В любой душе, если она не уродлива, существует вера в Бога. Ни в какой душе, кроме уродливой, не существует веры в определенного Бога. Это какое-то существо, живущее и невозможное, что управляет всем; чью личность, если оно ее имеет, никто не может определить; чьих намерений, если они имеются, никто не может понять. Называя его Богом, мы говорим все, потому что слово «Бог» не имеет четкого смысла, так мы утверждаем его, ничего не говоря. Атрибуты бесконечности, вечности, всемогущества, наивысшей справедливости или доброты, которые порой ему приписываем, отпадают сами, как прилагательные-определения, не являющиеся необходимыми для определяемого существительного. И Он, кому из-за Его неопределяемости мы не можем вручить атрибуты, является именно поэтому абсолютным существительным.

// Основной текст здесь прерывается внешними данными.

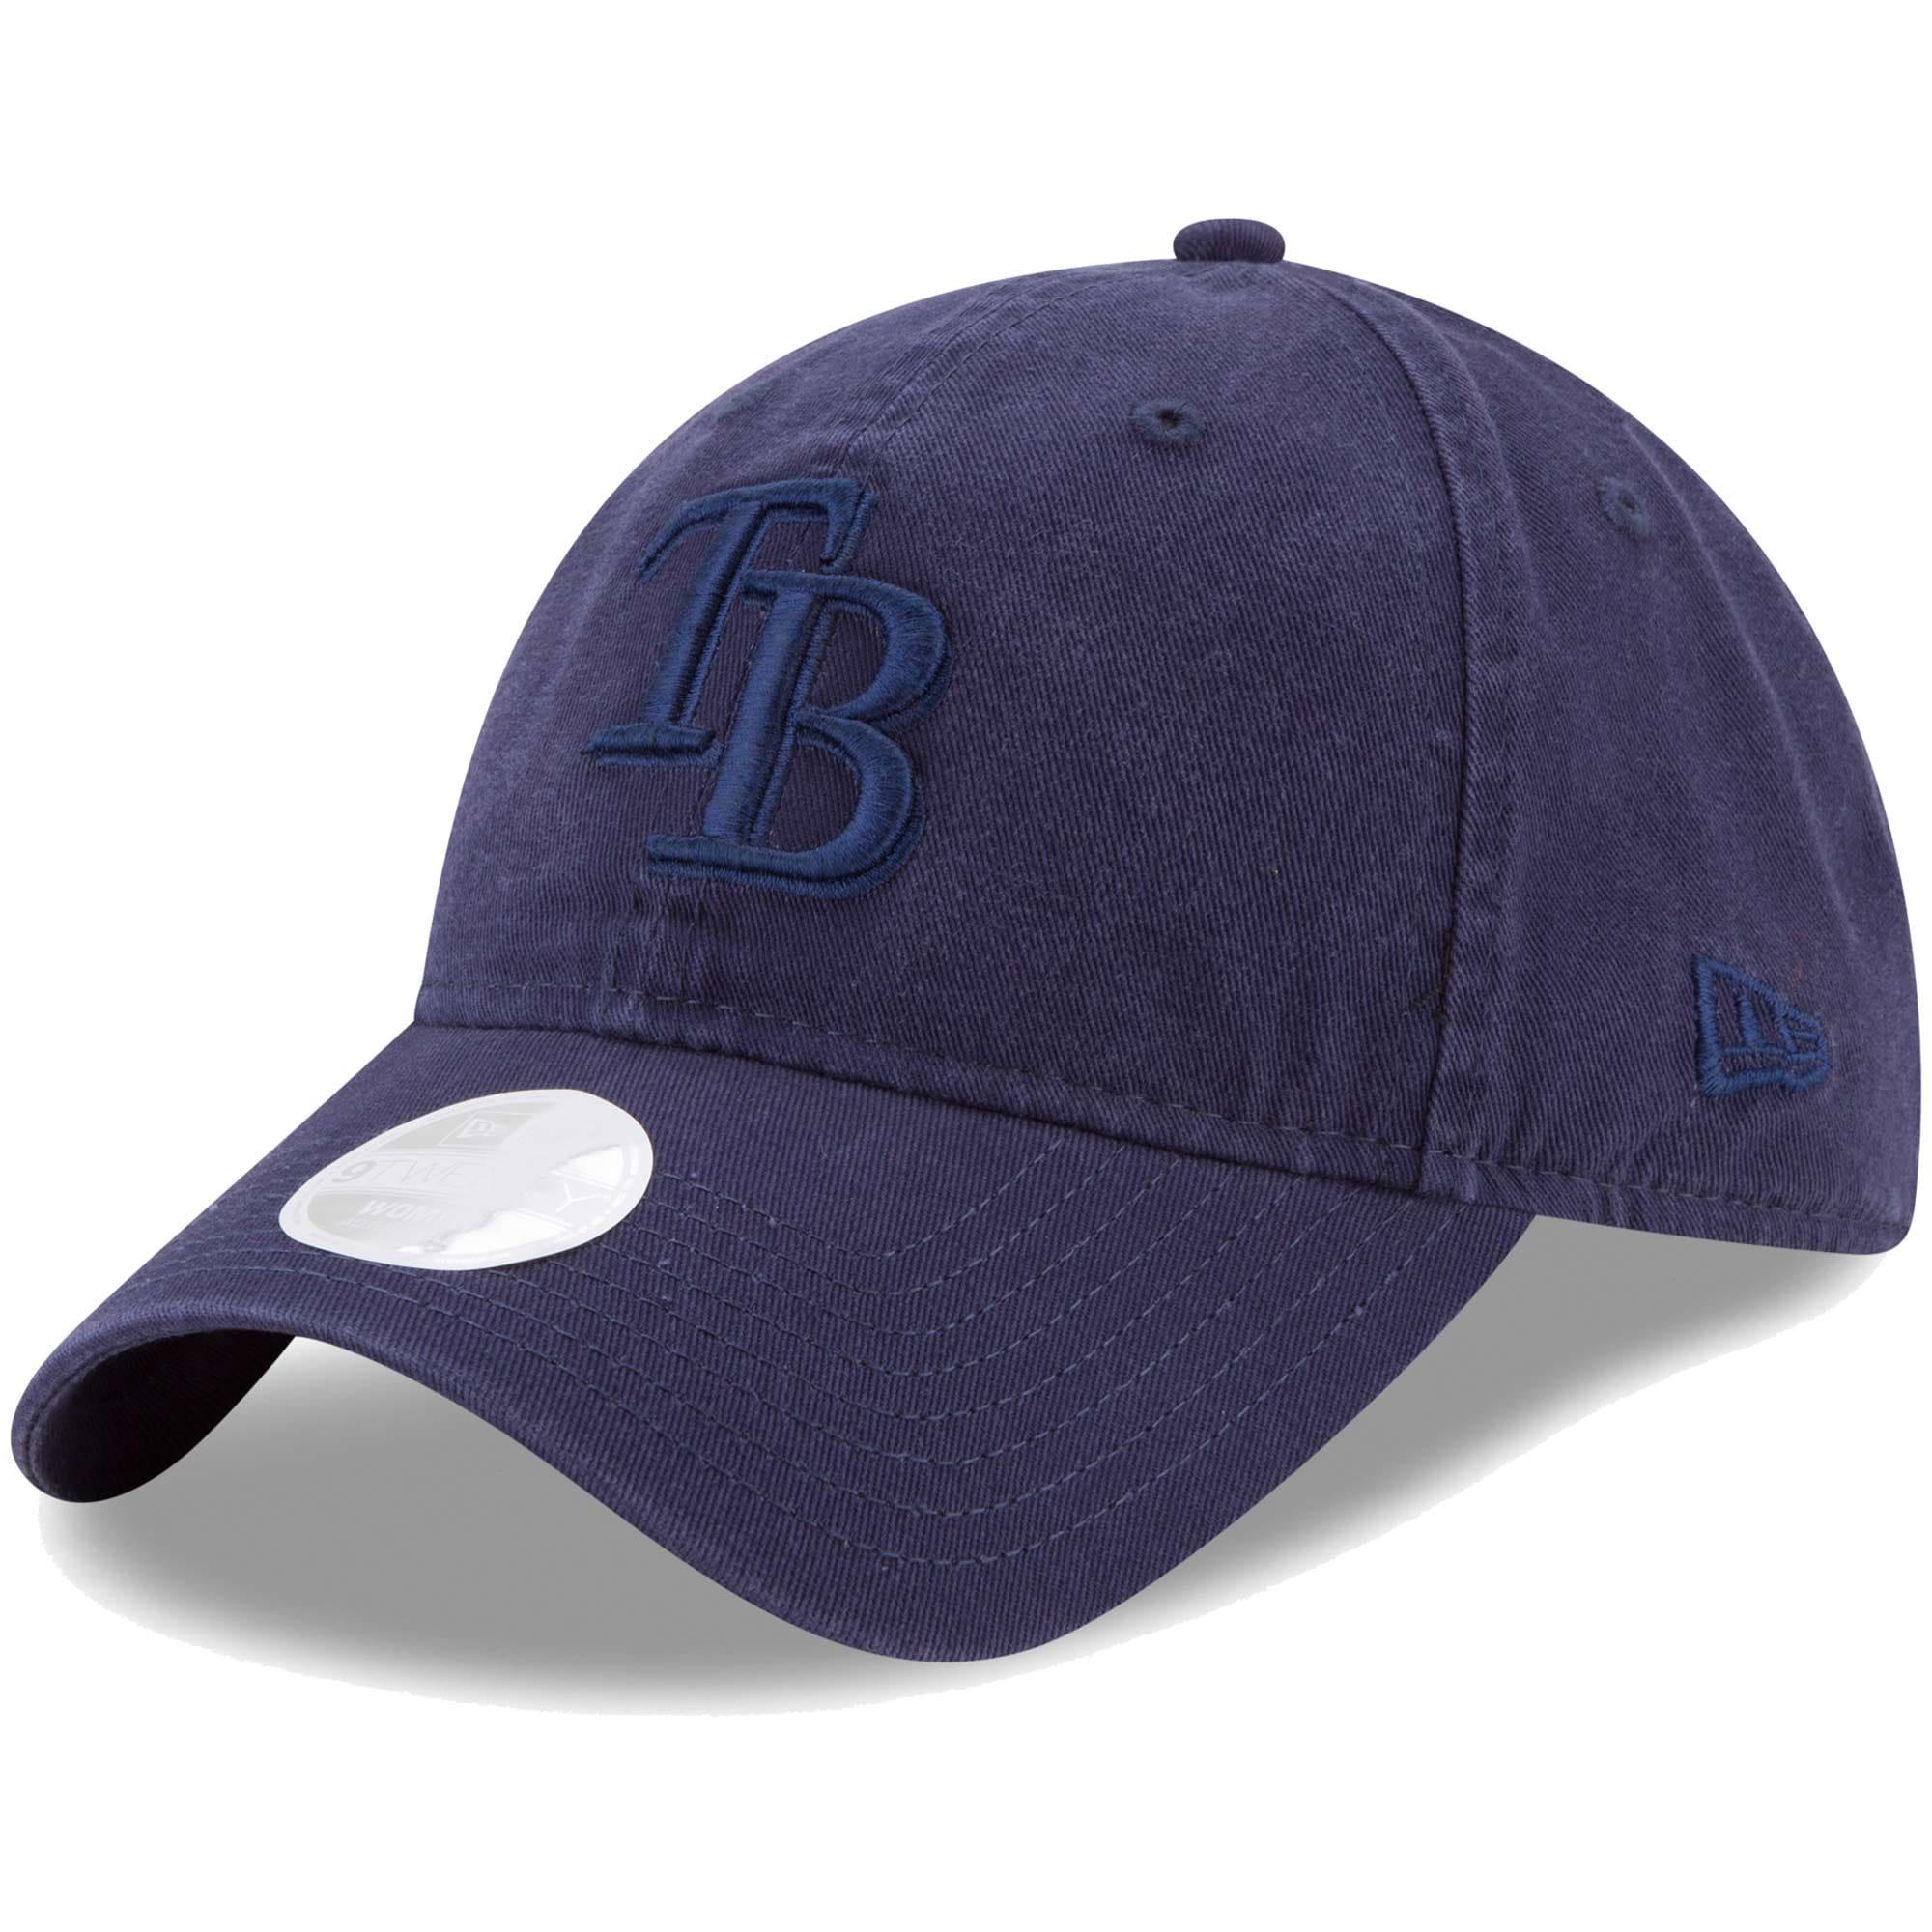 Tampa Bay Rays New Era Women's Preferred Pick Tonal 9TWENTY Adjustable Hat - Navy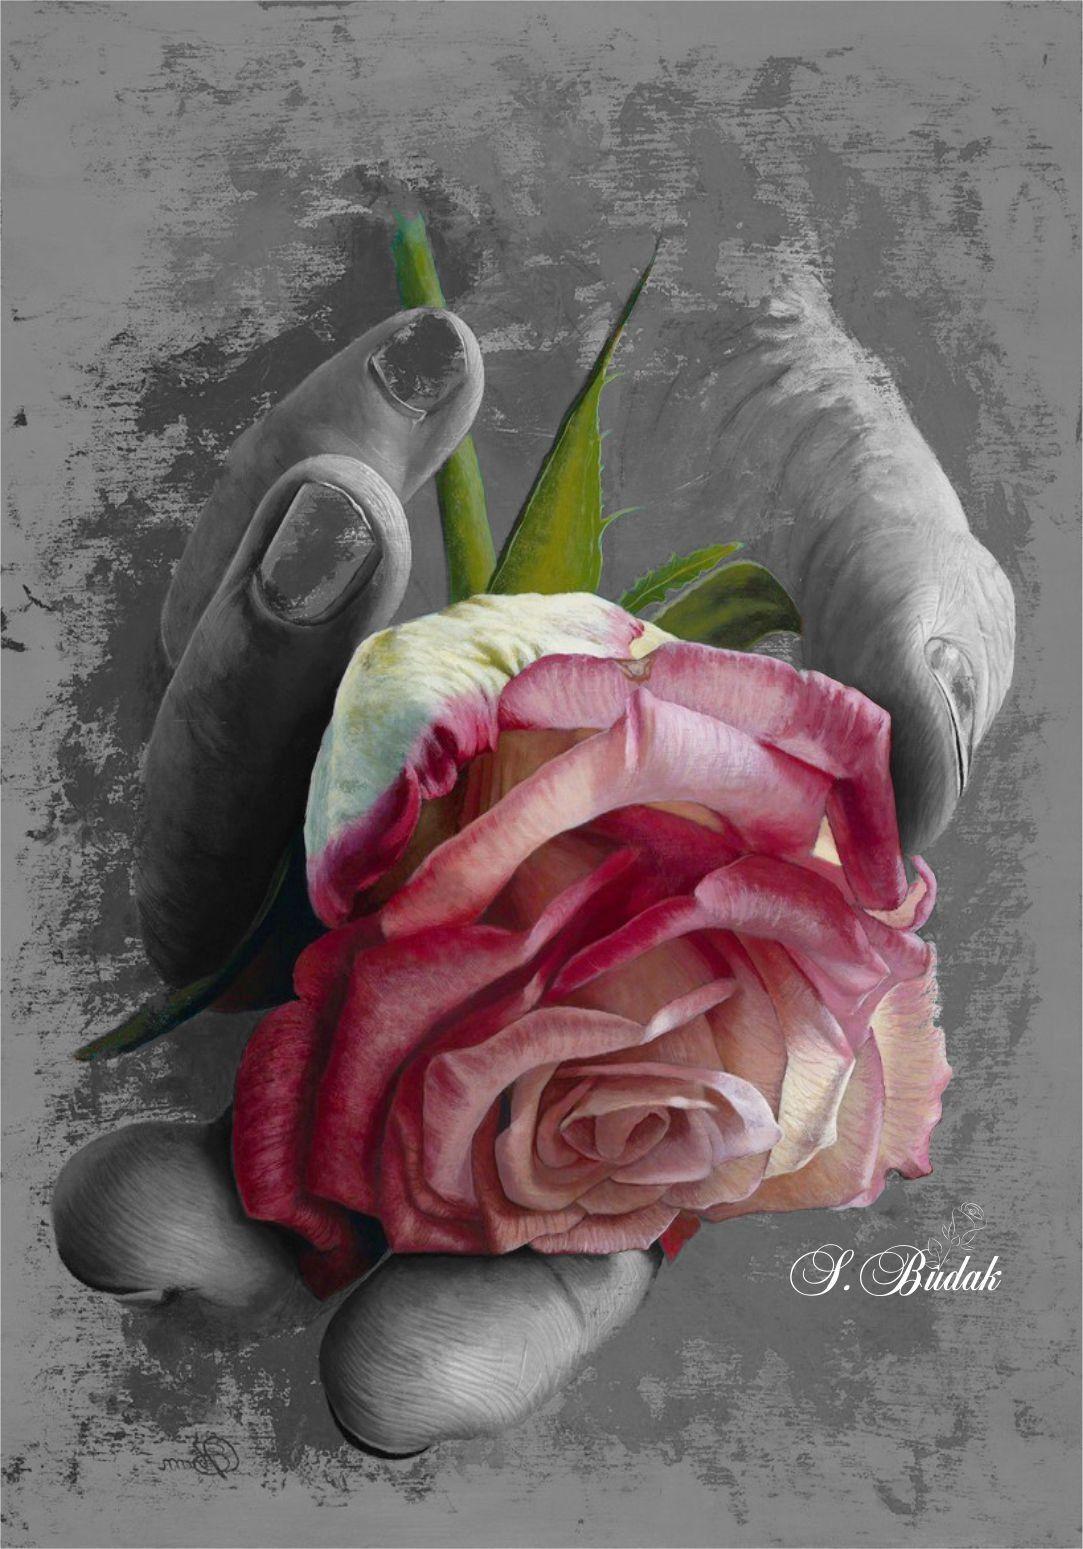 Pin by Kardelen on G.aydın | Pinterest | Spiritual

Та же уверенность и та же неясность касаются состояния души после смерти. Все мы знаем, что умрем; все мы чувствуем, что не умрем. Это не просто желание, не надежда, несущая нам это видение в темноте, отчего смерть становится чем-то малопонятным: это умозаключение, сделанное самим нутром, которое отвергает…
Один день
Вместо обеда – ежедневная необходимость! – я пошел посмотреть на Тежу и вернулся, чтобы бродить по улицам, даже не предполагая, что замечу некую пользу для души в том, чтобы видеть все это… Хотя бы так…
Жить не стоит. Стоит только смотреть. Умение смотреть, не живя, привело бы к счастью, но оно невозможно, как обычно бывает со всем, о чем мы мечтаем. Экстаз, который не включал бы в себя жизнь!..
Создать, по меньшей мере, новый пессимизм, новое отрицание, чтобы мы могли иметь иллюзию, что от нас что-то, хотя бы и на беду, но осталось!
«Отчего вы смеетесь?» – раздался рядом со мной голос Морейры.
«Это я перепутал названия, которые писал…» – угомонился я.
«Аа…» – сказал быстро Морейра, и пыльный мир снизошел снова на контору и на меня.
Господин Виконт де Шатобриан здесь подводит баланс! Господин учитель Амьель – здесь, на высокой скамье! Господин граф Альфред де Виньи подсчитывает дебет в Гранделе![40] Сенанкур[41] – на улице Золотильщиков!
Отворачиваюсь от парапета, чтобы разглядеть еще раз мой бульвар Сен-Жермен, и как раз в это время сообщество лесорубов высыпается на улицу.
И между размышлениями обо всем этом и курением усмешка смешивается с дымом и изливается в застенчивом припадке смеха.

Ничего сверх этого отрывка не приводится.